Provided data below:

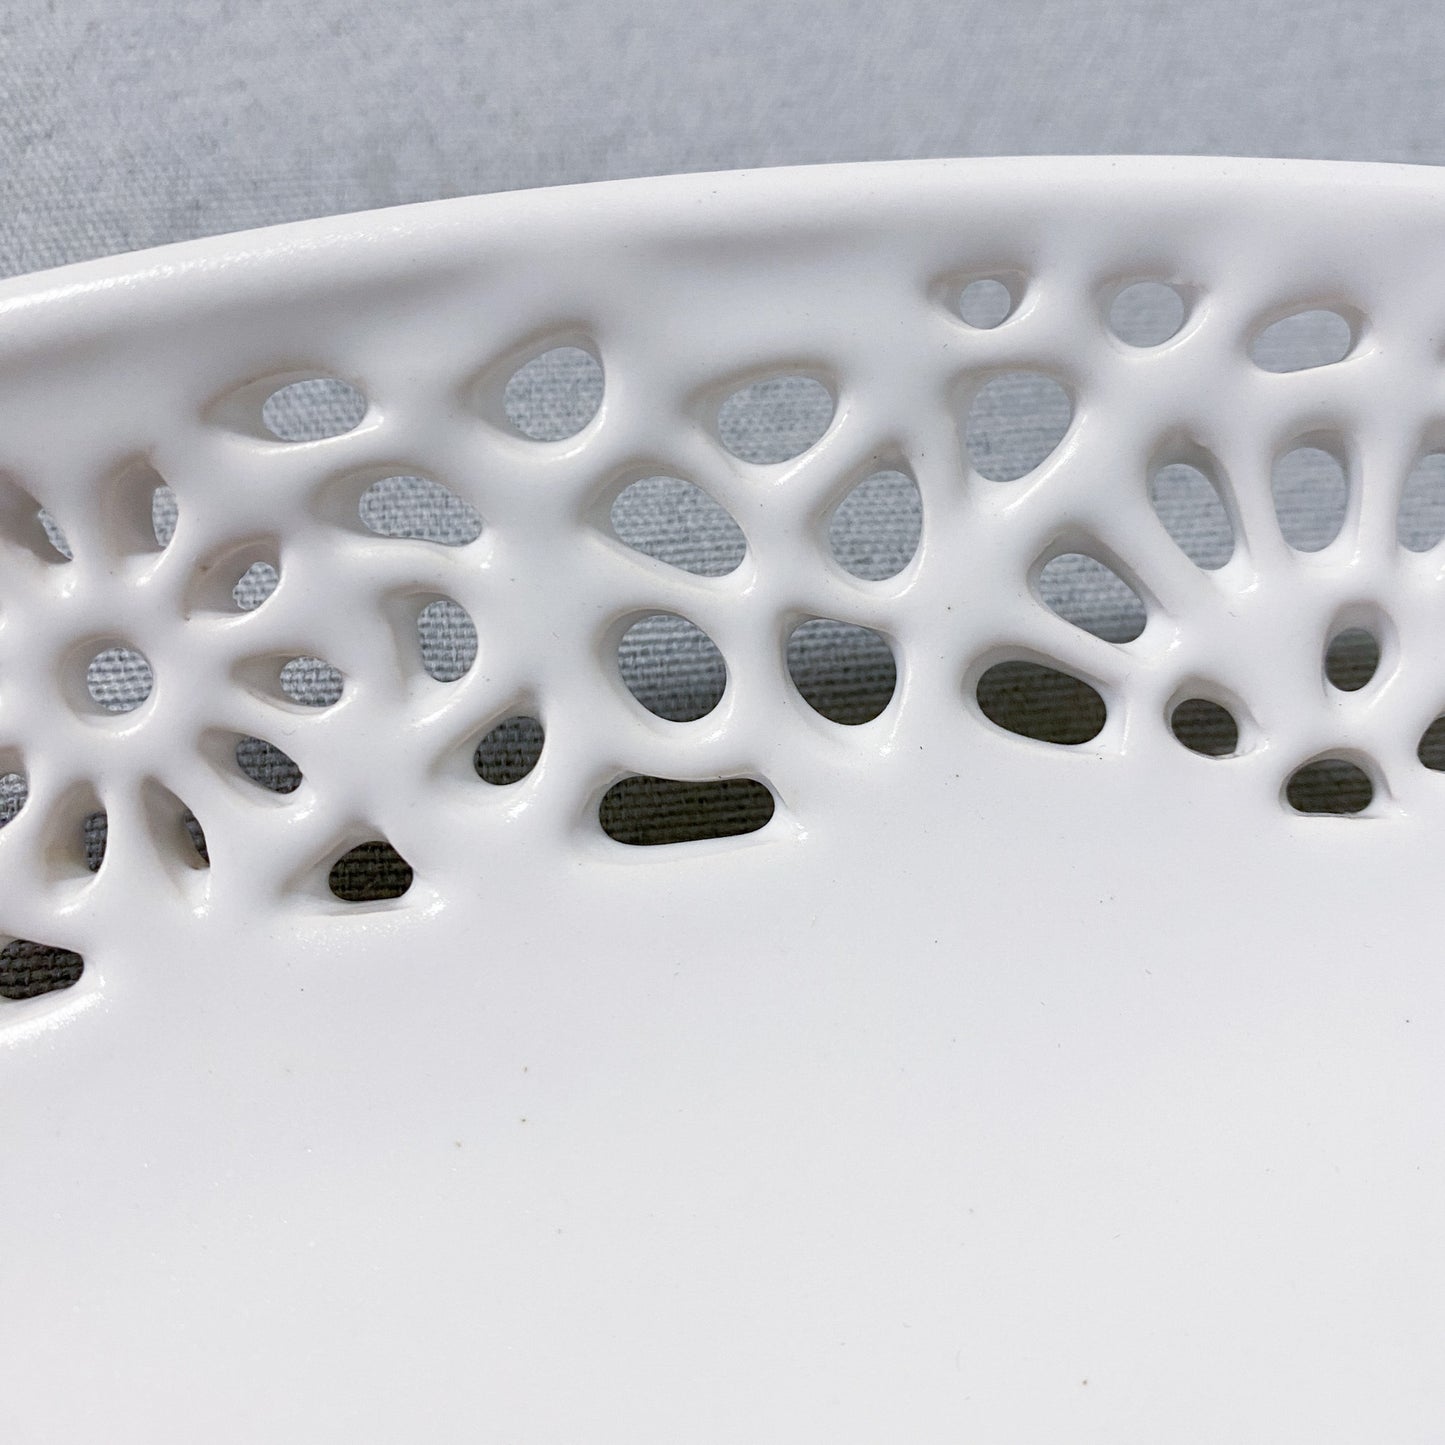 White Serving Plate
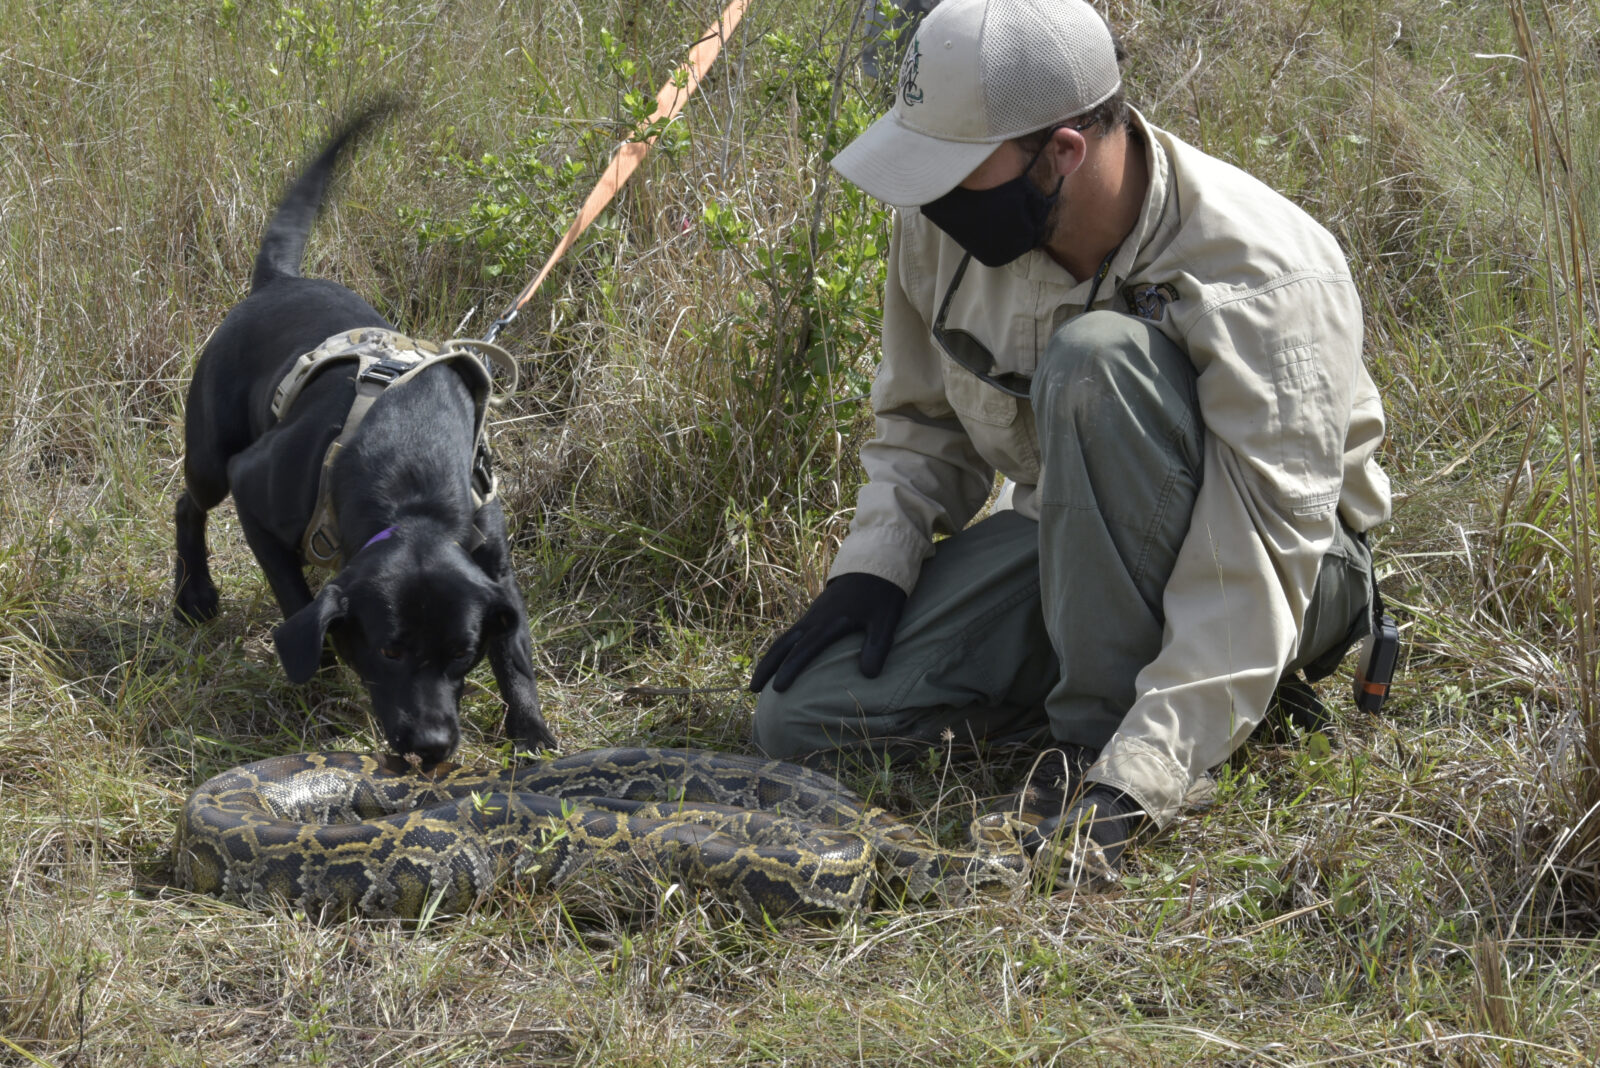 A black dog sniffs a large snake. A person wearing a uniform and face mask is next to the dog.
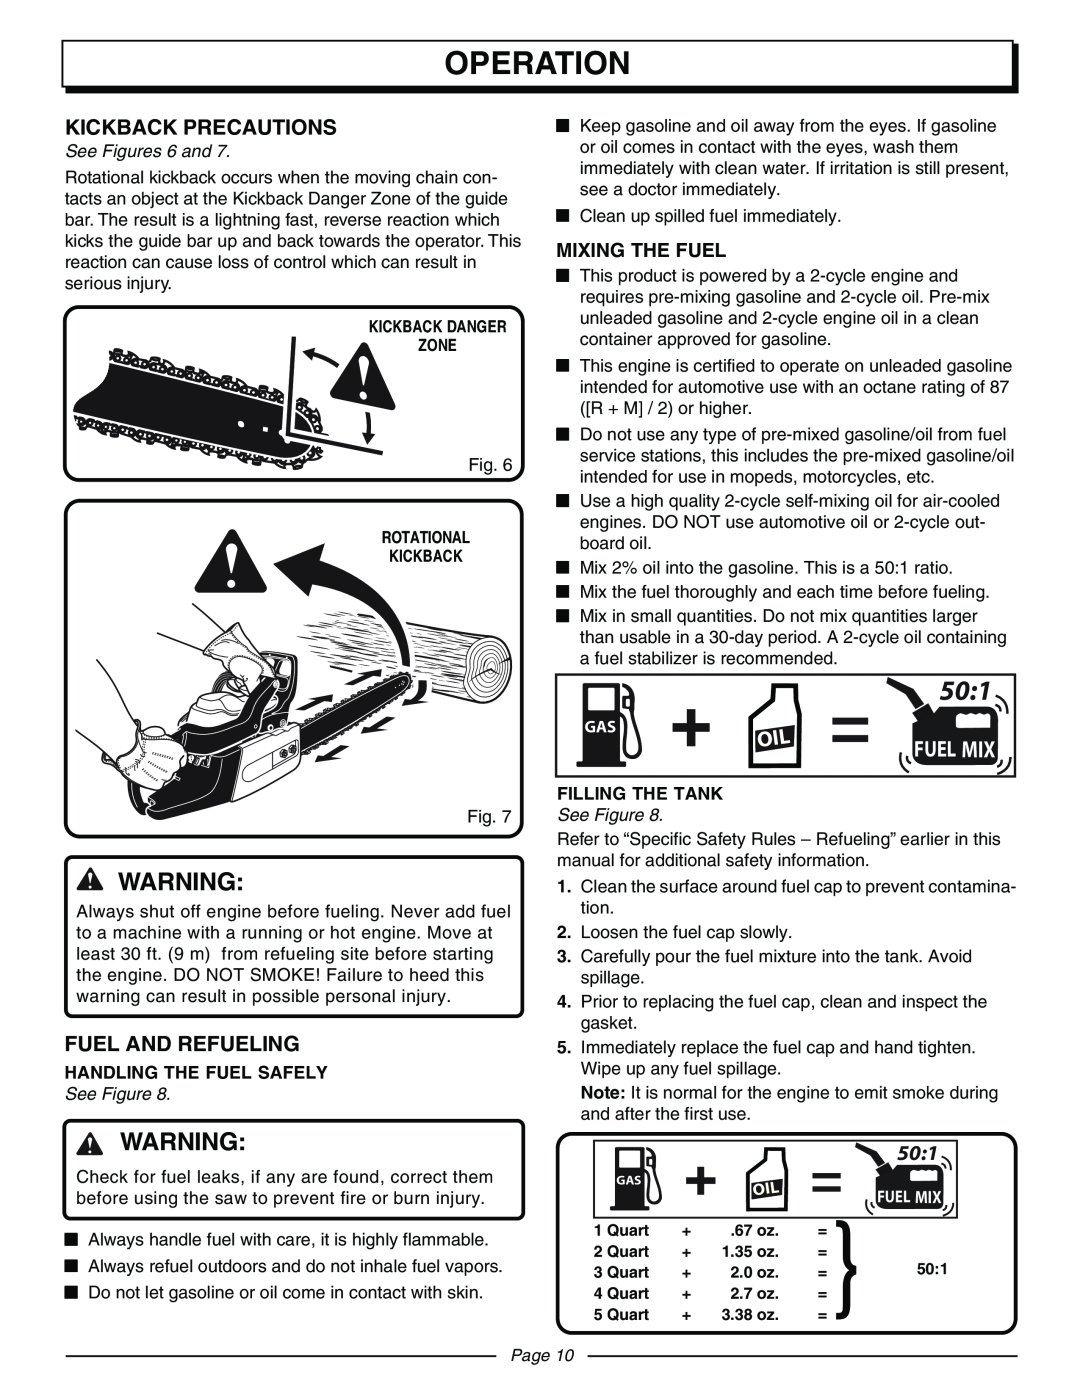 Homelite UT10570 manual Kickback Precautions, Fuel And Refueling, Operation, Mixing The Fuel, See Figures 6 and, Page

End of Provided data.

§ **Exercise goal**
Copy out the material word for word, without any images.

§ **Output for this task**
 White Serving Plate
 A black dog sniffs a large snake. A person wearing a uniform and face mask is next to the dog.
 Homelite UT10570 manual Kickback Precautions, Fuel And Refueling, Operation, Mixing The Fuel, See Figures 6 and, Page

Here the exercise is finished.